▶ **Data section**:
******

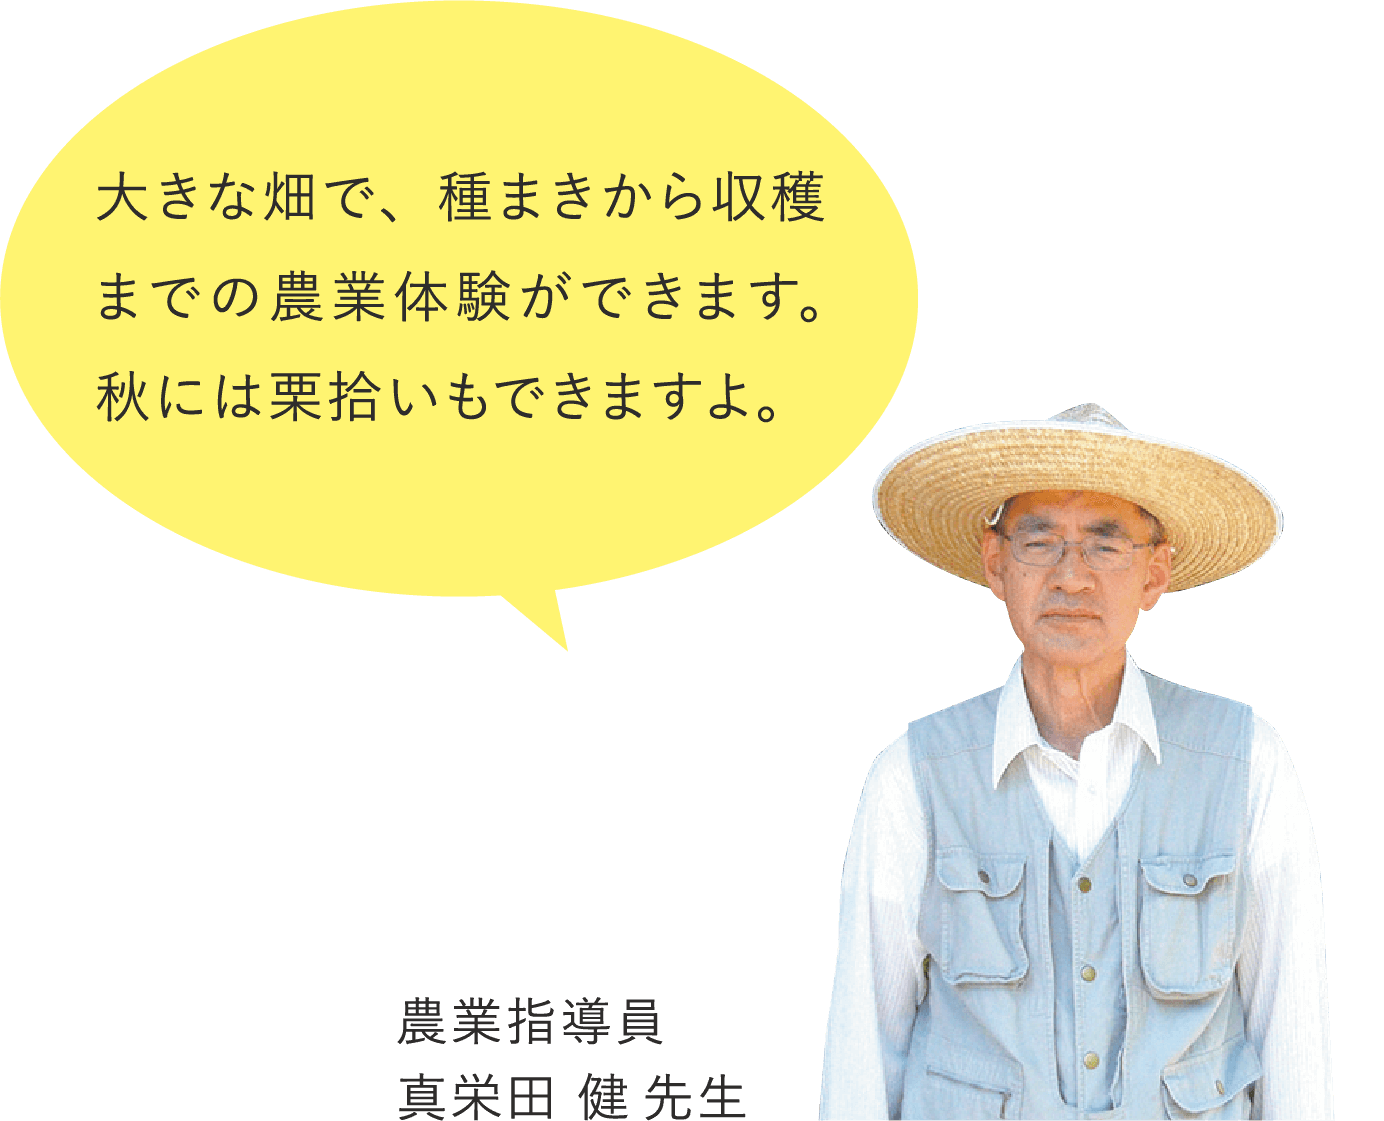 大きな畑で、種まきから収穫までの農業体験ができます。 秋には栗拾いもできますよ。 農業指導員 真栄田 健先生
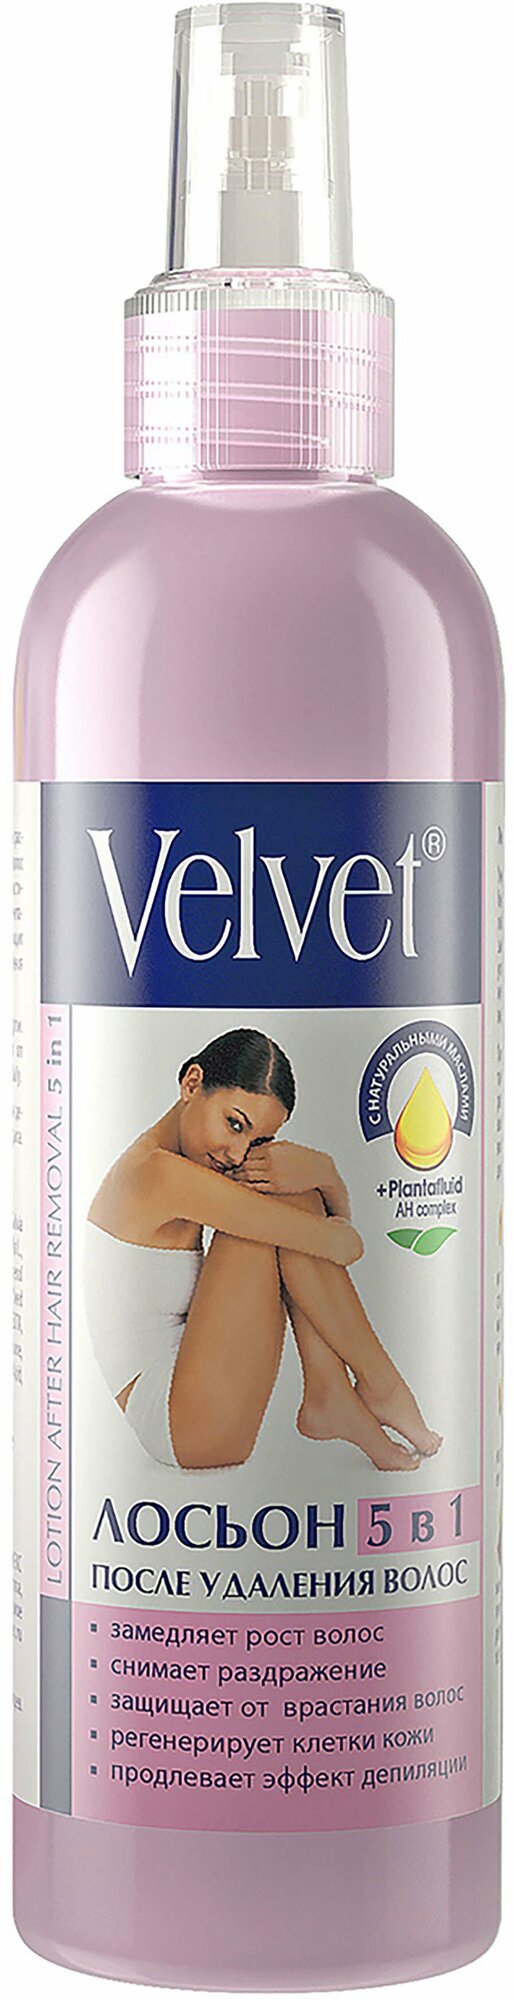 Лосьон после депиляции Velvet для замедления роста волос 5в1, 200 мл
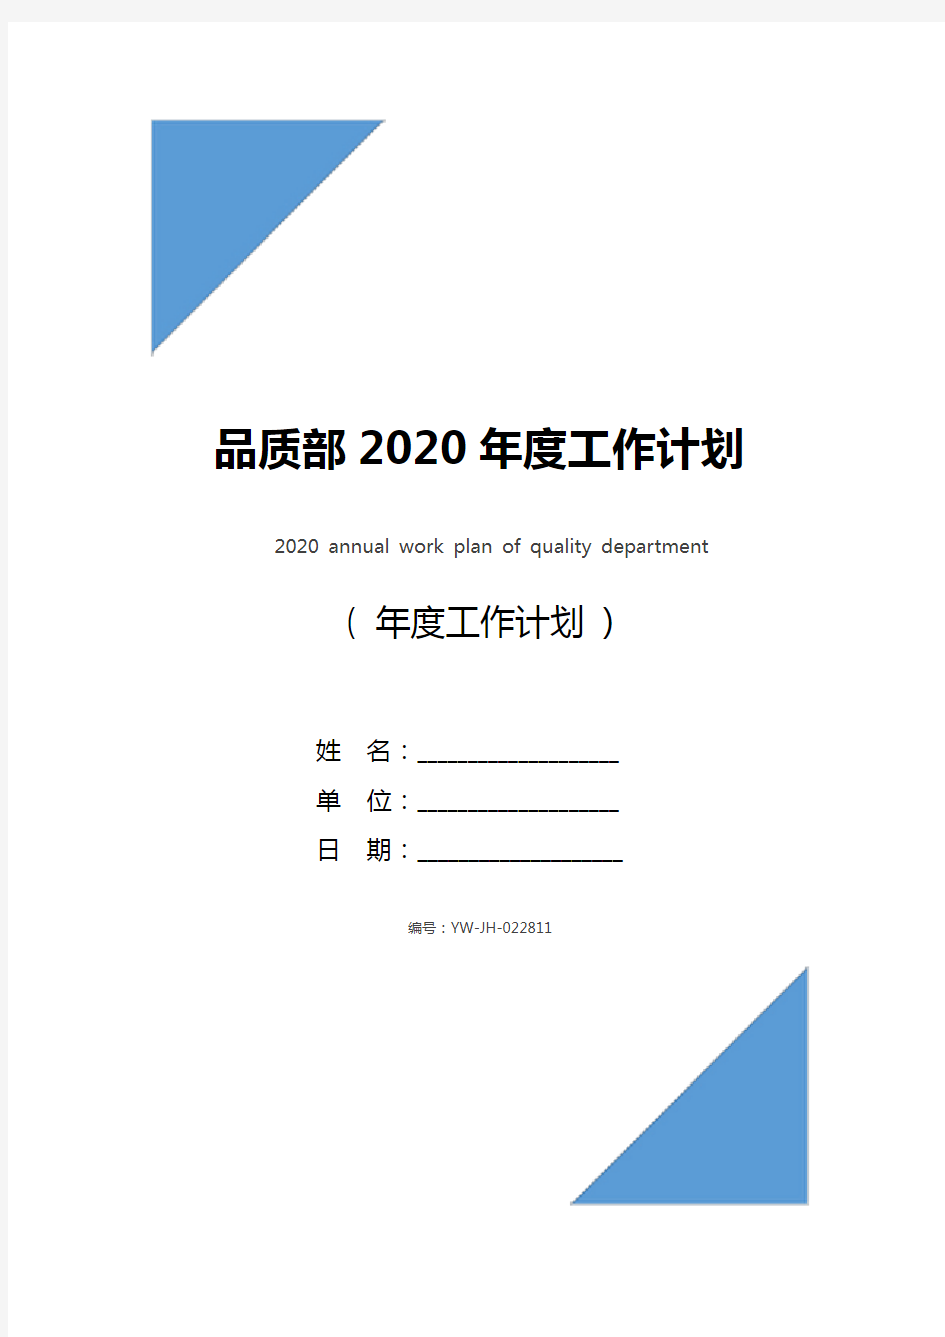 品质部2020年度工作计划
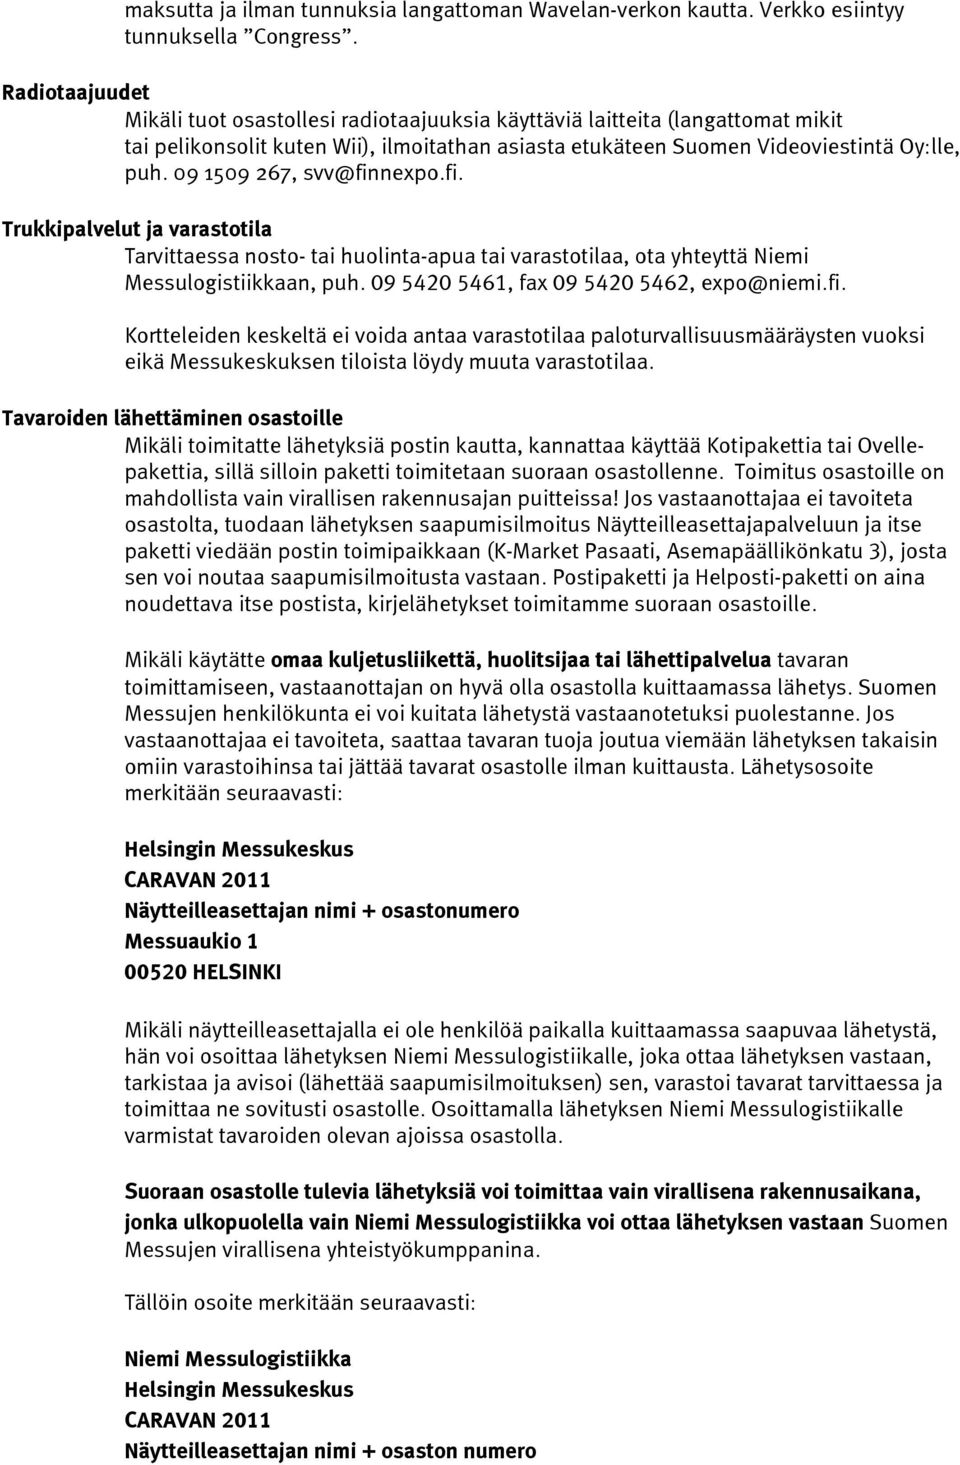 09 1509 267, svv@finnexpo.fi. Trukkipalvelut ja varastotila Tarvittaessa nosto- tai huolinta-apua tai varastotilaa, ota yhteyttä Niemi Messulogistiikkaan, puh.

******

▶ **Exercise**: Leave every picture out and write out exactly the lines from the line with "Лосьон после депиляции" through the last line of the material.

▶ **Expected output**:
 Лосьон после депиляции Velvet для замедления роста волос 5в1, 200 мл
 品质部2020年度工作计划
 09 1509 267, svv@finnexpo.fi. Trukkipalvelut ja varastotila Tarvittaessa nosto- tai huolinta-apua tai varastotilaa, ota yhteyttä Niemi Messulogistiikkaan, puh.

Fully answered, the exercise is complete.